A recent federal district court case involving descendants of hippos once owned by Pablo Escobar is a significant victory for the legal personhood of animals. After Escobar’s death, the Colombian government left his four hippos on his property because it was unable to transport them to a suitable environment.[6] The hippos subsequently escaped, relocated to the Magdalena River, and reproduced at a rate so rapid that some ecologists consider it to be unsustainable.[7] The Colombian government planned to slaughter 100 of these hippos due to damage to the local ecosystem and hippo attacks on local fisherman.[8] The Animal Legal Defense Fund (“ALDF”) sued the Colombian government on behalf of the community of hippos living in Magdalena River in an effort to save the hippos from execution.[9] ALDF sought an order to provide a contraceptive called porcine zona pellucida (“PZP”) to the hippos as a non-lethal method of preventing them from overpopulating.[10]

In Colombia, animals have standing to bring lawsuits to protect their interests.[11] ALDF wanted to depose two wildlife experts with knowledge in nonsurgical sterilization who reside in Ohio, so they filed an application pursuant to 28 U.S.C. § 1782.[12] The statute allows anyone who is an “interested person” in a foreign litigation to request permission from a federal court to take depositions in the United States in support of their foreign case.[13] The U.S. Supreme Court has recognized that someone who is a party to a foreign case “no doubt” qualifies as an “interested person” under this statute.[14] As a result, the U.S. District Court for the Southern District of Ohio held that the hippos were “interested persons” in this case, recognizing animals as legal persons for the first time in a federal court [15] and signaling a potential pathway for animals to get their paws through a courtroom door. 

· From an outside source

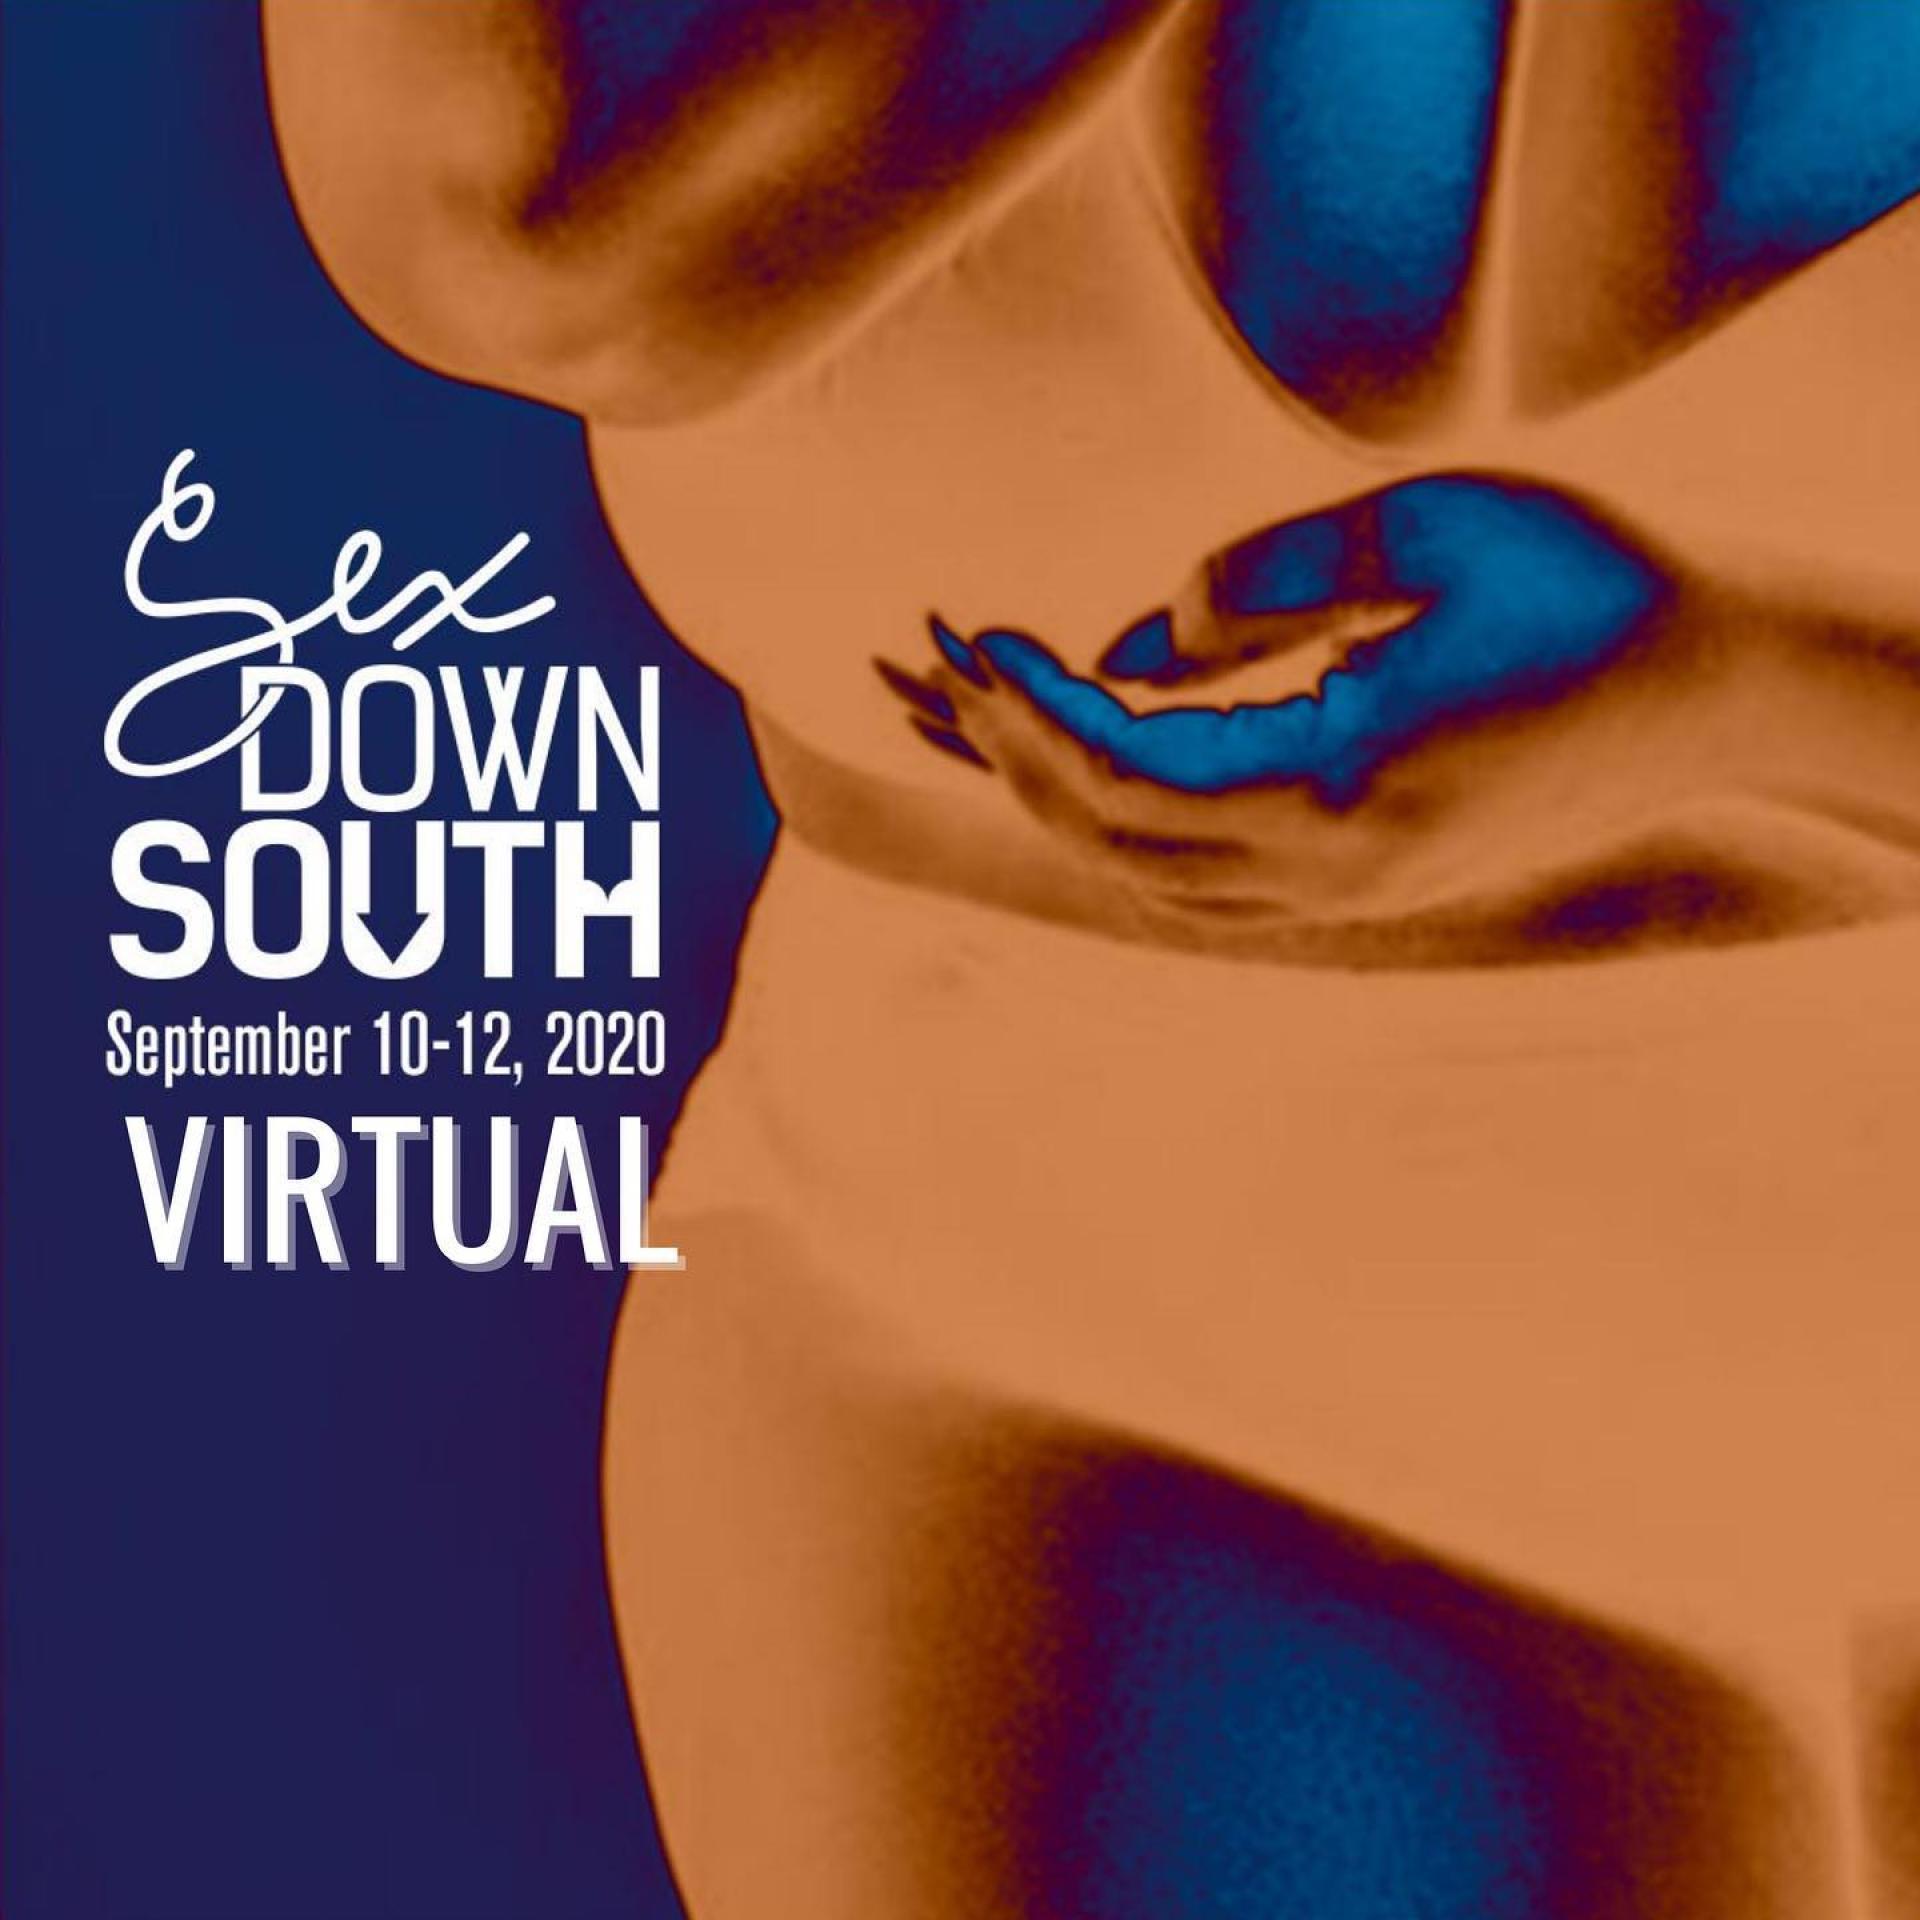 Sex Down South Virtual Con 2020

[1] Rachel Fobar, A Person or a Thing? Inside the Fight for Animal Personhood, Nat’l Geographic (Aug. 4, 2021), https://www.nationalgeographic.com/animals/article/inside-the-ongoing-fight-for-happys-freedom.

[2] Stephen I. Burr, Toward Legal Rights for Animals, 4 Envtl. Affairs 205, 228 (1975).

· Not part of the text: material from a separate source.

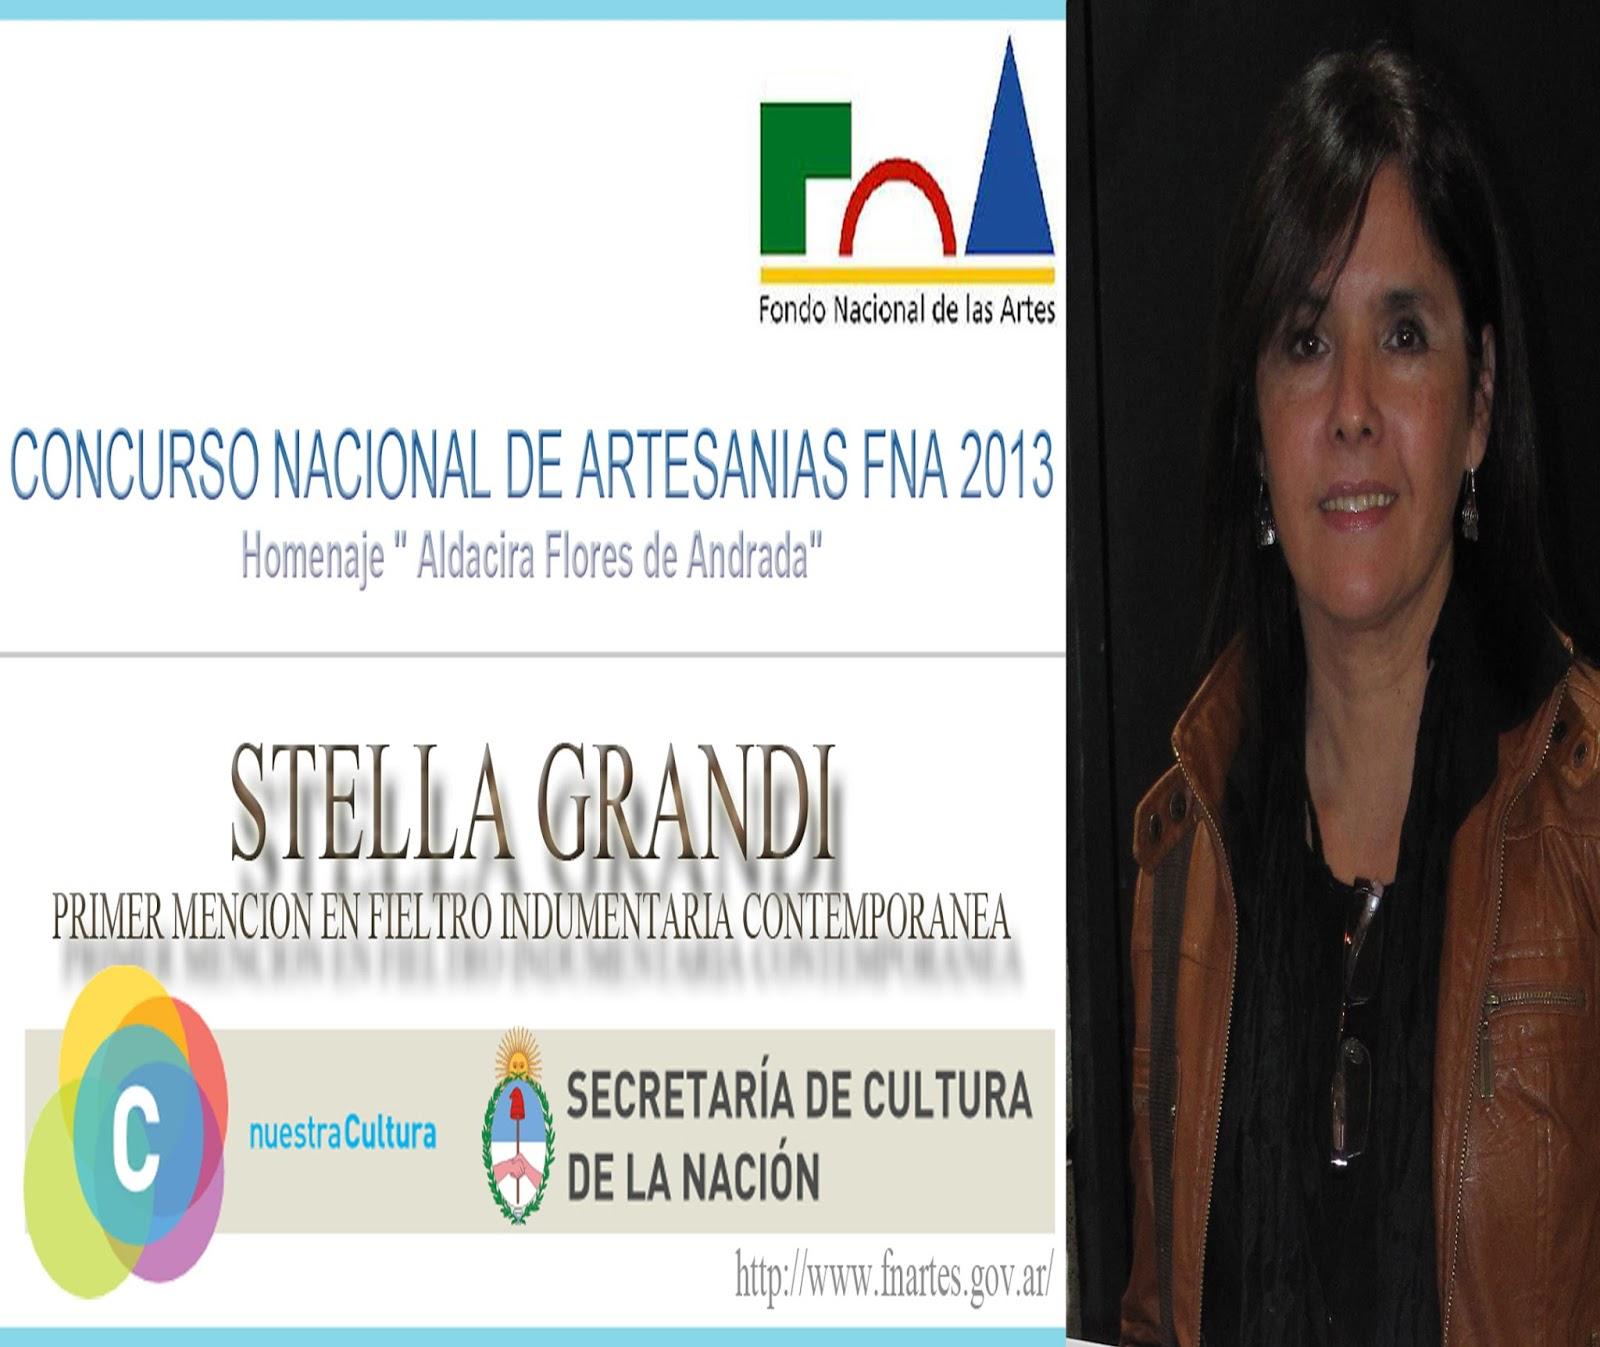 PREMIO FONDO NACIONAL DE LAS ARTES 2013 | CONCURSO DE ARTESANIAS

[3] Tess Vickery, A Taxonomy of Class Actions for Animals in the United States, 26 Animal L. 41, 44 (2020).

[4] Gwendolyn J. Gordon, Environmental Personhood, 43 Columbia Journal of Envtl. Law 49, 50–52 (2018) (emphasizing the advancements made in the environmental personhood in locations as varied as Bolivia, Ecuador, India, and New Zealand).

[5] Christopher D. Stone, Should Trees Have Standing? Toward Legal Rights for Natural Objects (1972); see also Sierra Club v. Morton, 405 U.S. 727, 742 (1972) (Douglas, J., dissenting) (“The river as plaintiff speaks for the ecological unit of life that is part of it. Those people who have a meaningful relation to that body of water – whether it be a fisherman, a canoeist, a zoologist, or a logger – must be able to speak for the values which the river represents and which are threatened with destruction.”).

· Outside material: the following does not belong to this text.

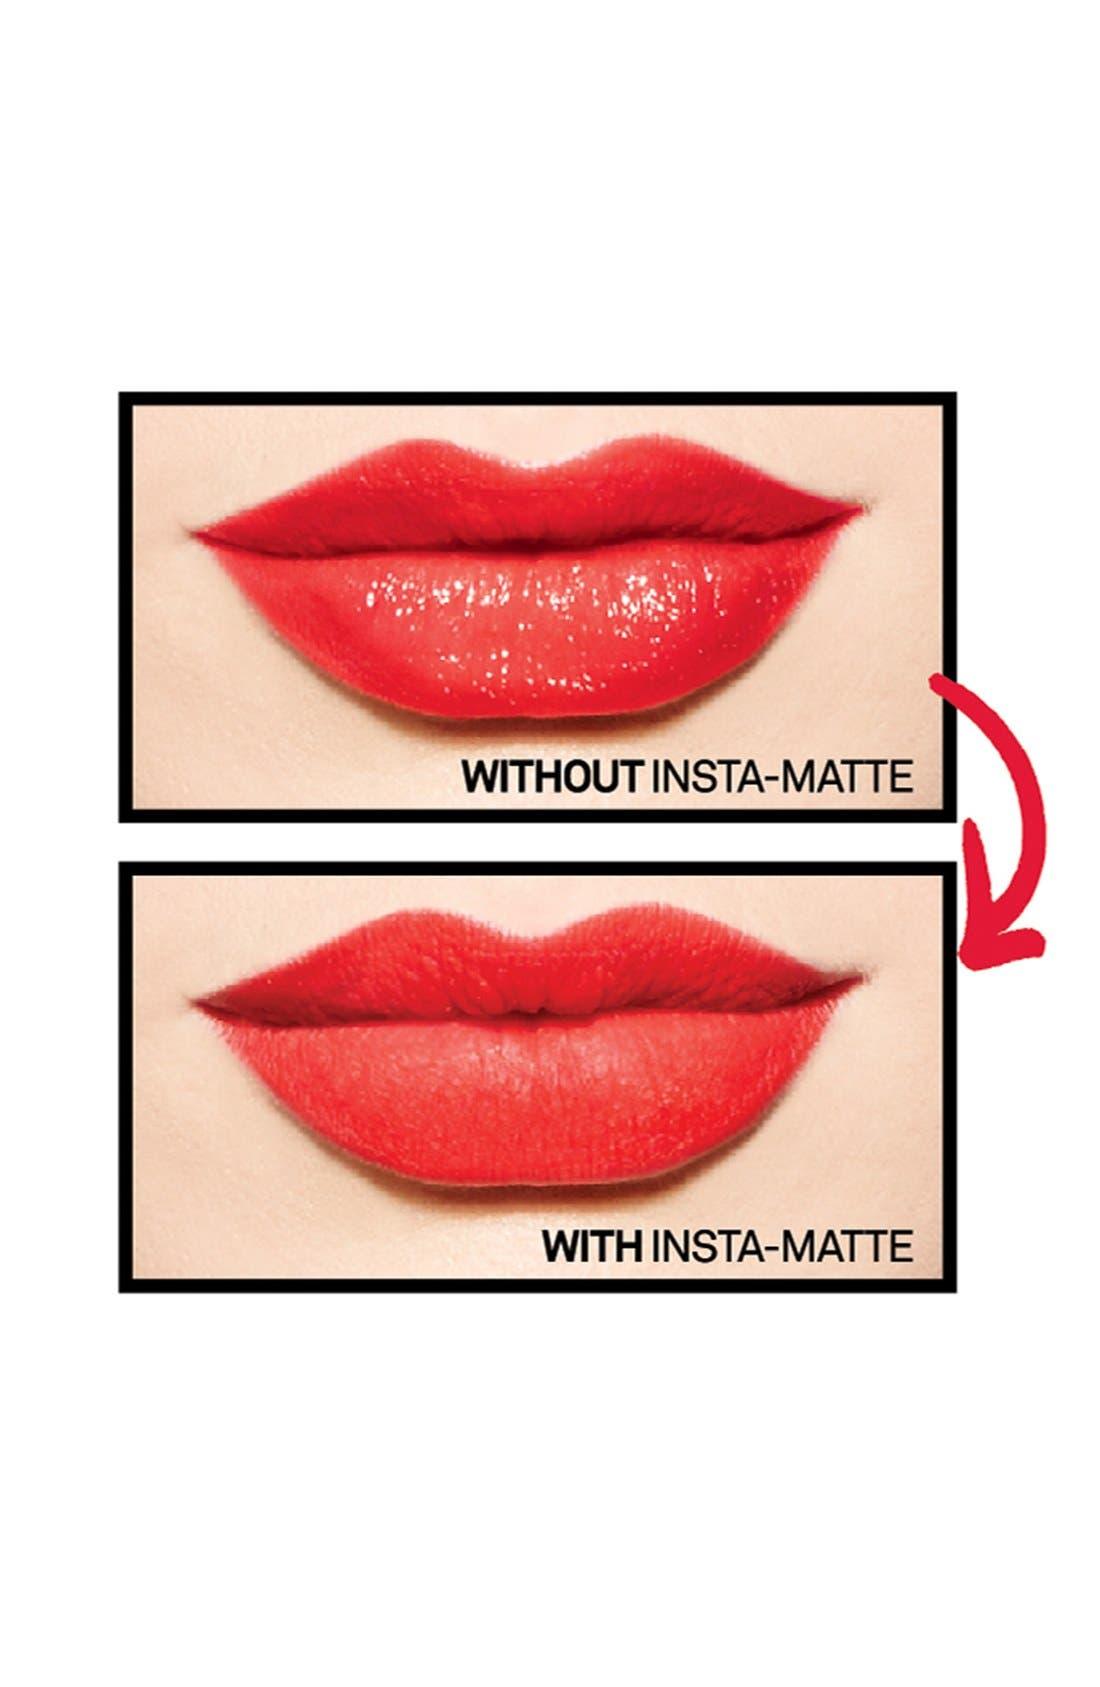 Insta-Matte Lipstick Transformer,                             Alternate thumbnail 3, color,                             000

[6] Animals Recognized as Legal Persons for the First Time in U.S. Court, Animal Legal Def. Fund (Oct. 20, 2021), https://aldf.org/article/animals-recognized-as-legal-persons-for-the-first-time-in-u-s-court/.

[7] Id.

[8] Id.

[9] Community of Hippopotamuses Living in the Magdalena River v. Ministerio De Ambiente y Desarrollo Sostenible et al., No. 1:21mc23 (S.D. Ohio, Oct. 15, 2021).

[10] Ex Parte Application of Community of Hippopotamuses Living in the Magdalena River for an Order Pursuant to 28 U.S.C. § 1782 to Conduct Discovery for Use in Foreign Proceedings, 1, No. 1:21mc23 (S.D. Ohio, Oct. 15, 2021).

[11] Animals Recognized as Legal Persons for the First Time in U.S. Courtsupra note 6.

[12] See generally Ex Parte Application of Community of Hippopotamuses Living in the Magdalena River for an Order Pursuant to 28 U.S.C. § 1782 to Conduct Discovery for Use in Foreign Proceedings No. 1:21mc23 (S.D. Ohio, Oct. 15, 2021).

[13] Animals Recognized as Legal Persons for the First Time in U.S. Courtsupra note 6.

[14] Id.

[15] Order Granting Ex Parte Application of Community of Hippopotamuses Living in the Magdalena River for an Order Pursuant to 28 U.S.C. § 1782 to Conduct Discovery for Use in Foreign Proceedings, No. 1:21mc23 (S.D. Ohio, Oct. 15, 2021).